» **INFORMATION PROVIDED**:
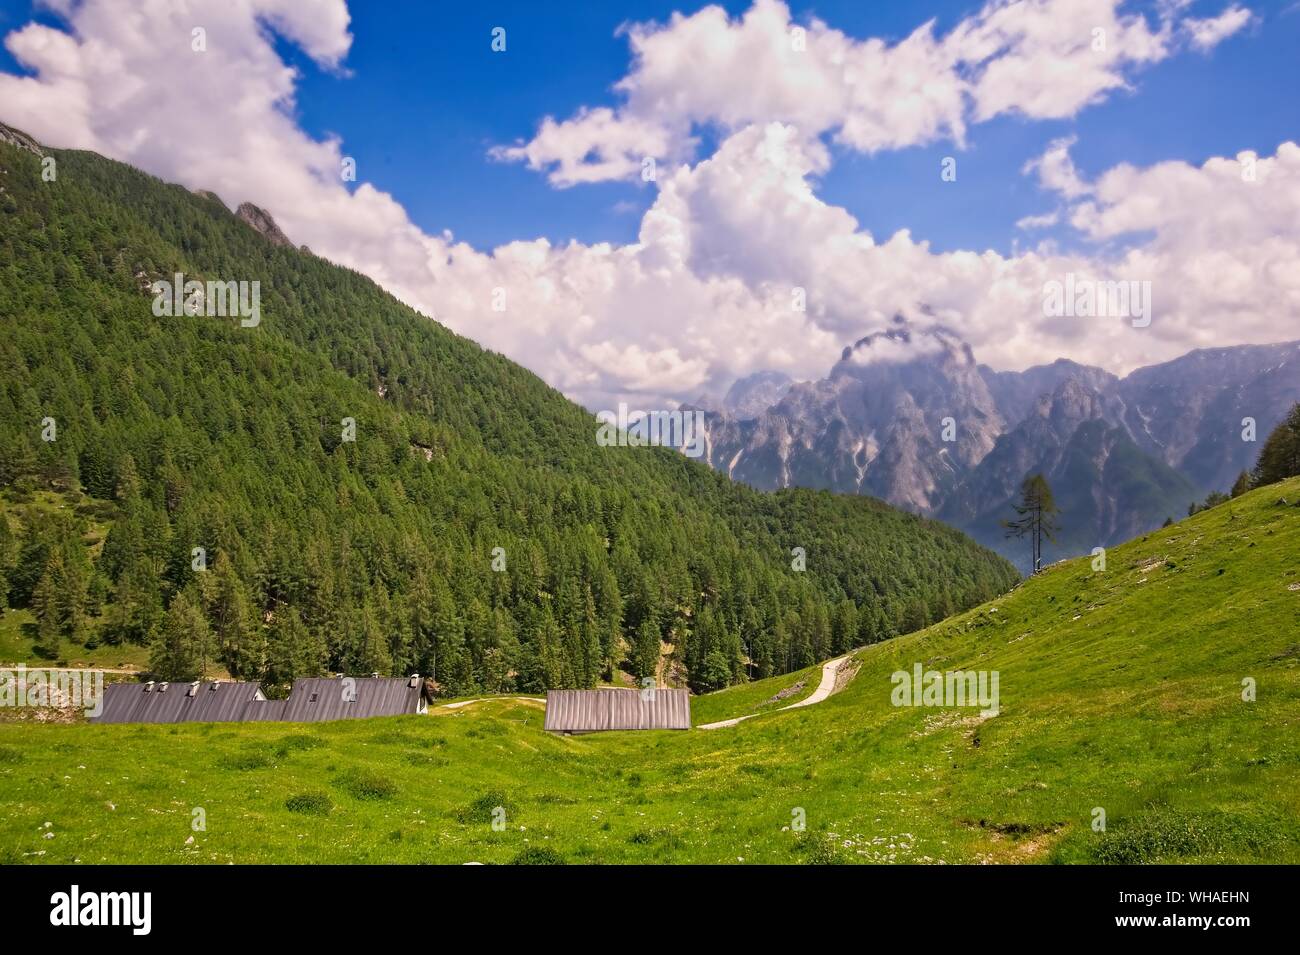 Panorama di montagna con dirty road,alberi e cielo blu con nuvole. Foto Stock
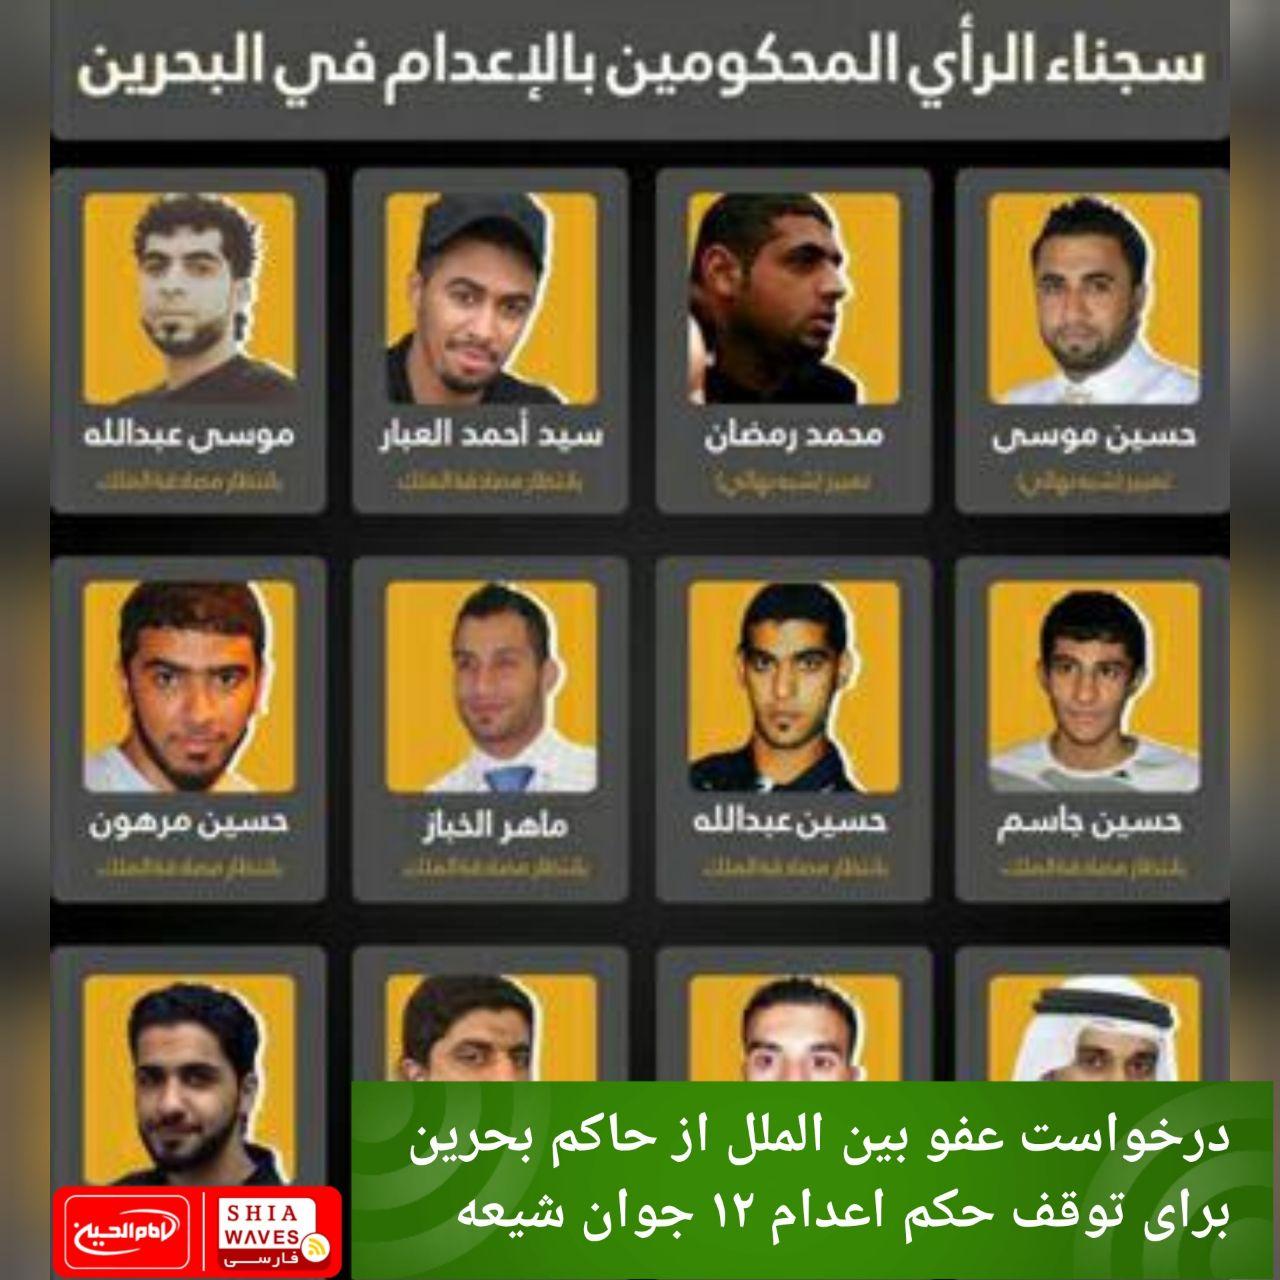 تصویر درخواست عفو بین الملل از حاکم بحرین برای توقف حکم اعدام ۱۲ جوان شیعه
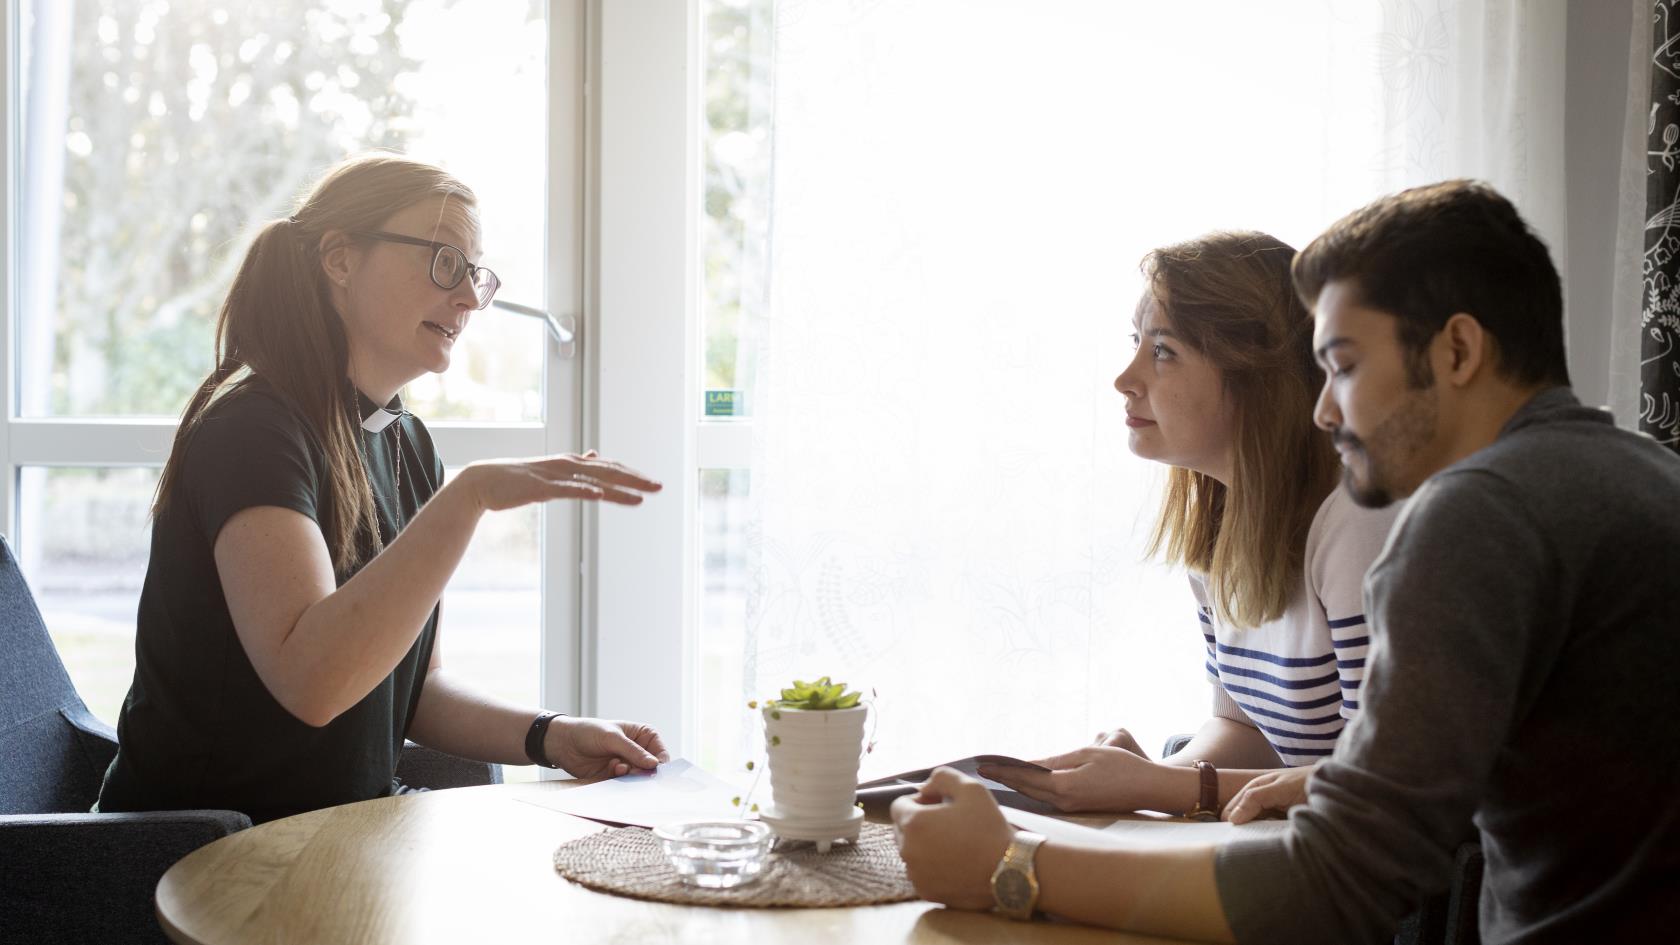 En kvinnlig diakon sitter och samtalar med en man och en kvinna.

» **WHAT YOU ARE ASKED TO DO**:
Each line of the data above must be repeated exactly, images excluded.

» **RESULT**:
 Panorama di montagna con dirty road,alberi e cielo blu con nuvole. Foto Stock
 تصویر درخواست عفو بین الملل از حاکم بحرین برای توقف حکم اعدام ۱۲ جوان شیعه
 En kvinnlig diakon sitter och samtalar med en man och en kvinna.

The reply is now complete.